Raise your hand if you thought the most interesting comment at the Huffington Post’s event today, “Game Change: How the New Media Are Impacting the ‘08 Race” would come from will.i.am of the Black Eyed Peas.
(They had all kinds of problems with the microphones and sound system, but I’m pretty sure moderator Charlie Rose introduced him as a member of the “Black Peas.”)
Anyway, will.i.am (that’s how he spells it, it’s like e.e. cummings with a stutter) noted that he, creator of two widely-distributed music videos, is in the business of “baton-able” media. He said that in the past, viewers would consume a mass media like television and then repeat what they liked to their friends and family. But in the process of repeating, inevitably something would get lost, details would change, etc. “Baton-able” media, like a relay team’s baton, is passed in its entirety from individual to individual, and as the musician put it, “nothing gets lost in translation. When someone shows someone else my song, nothing will go awry, because it’s exactly the way I put it.”

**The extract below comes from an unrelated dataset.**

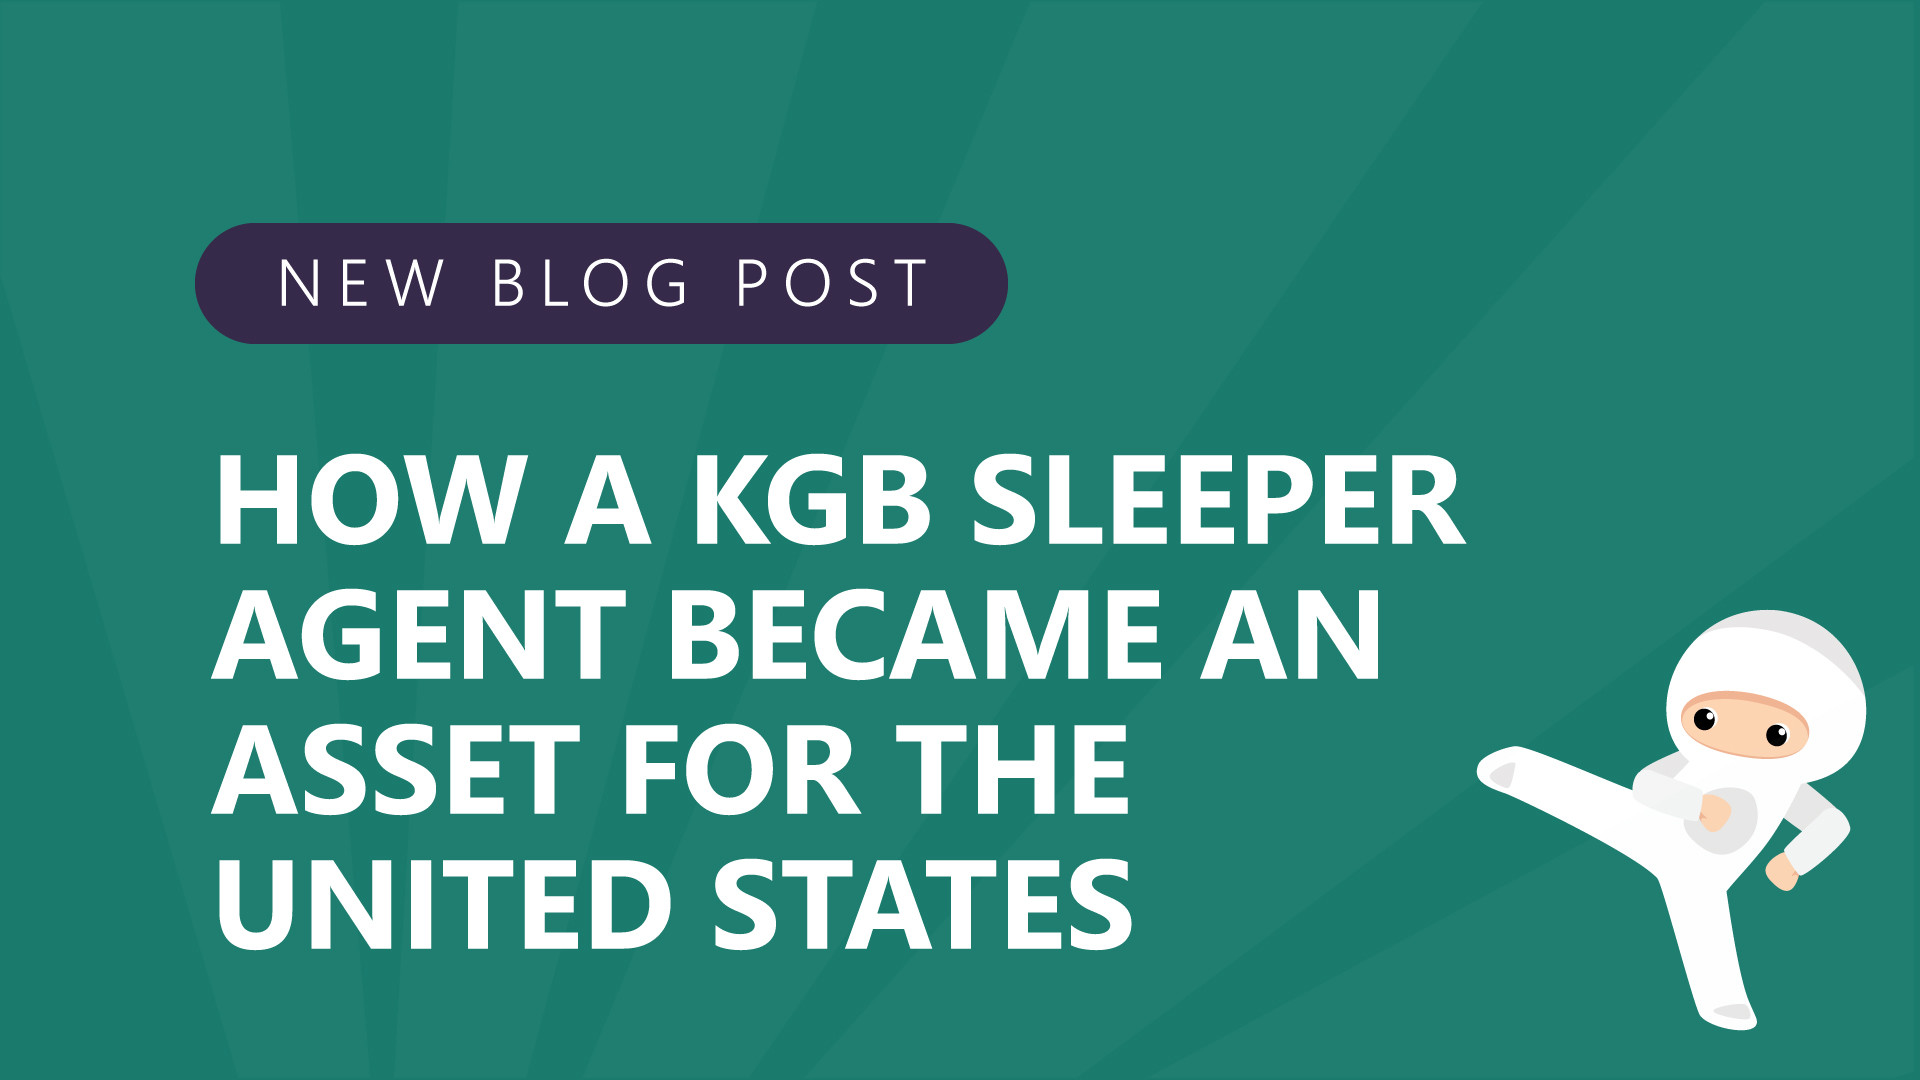 How-a-KGB-Sleeper-Agent-became-an-Asset-for-the-United-States-1-1.jpg

And there’s something to this. A decade ago,if you saw something on the evening news, you had to be recording it in order to show it to anyone else. If you saw an interesting newspaper or magazine article, you would have to clip it and save it. Today, you just copy the url and forward it on to others via e-mail. Most likely you just described it to others, and they got the article or report through your filter.
He didn’t get into it, but I think the clearest example of this in the political realm in recent years is political ads. Think about how many people watched the Swift Boat Vets for Truth ads online, as opposed to on television. Think about how many ads now debut online, and the percentage of viewers who see it in YouTube form instead of during commercial breaks.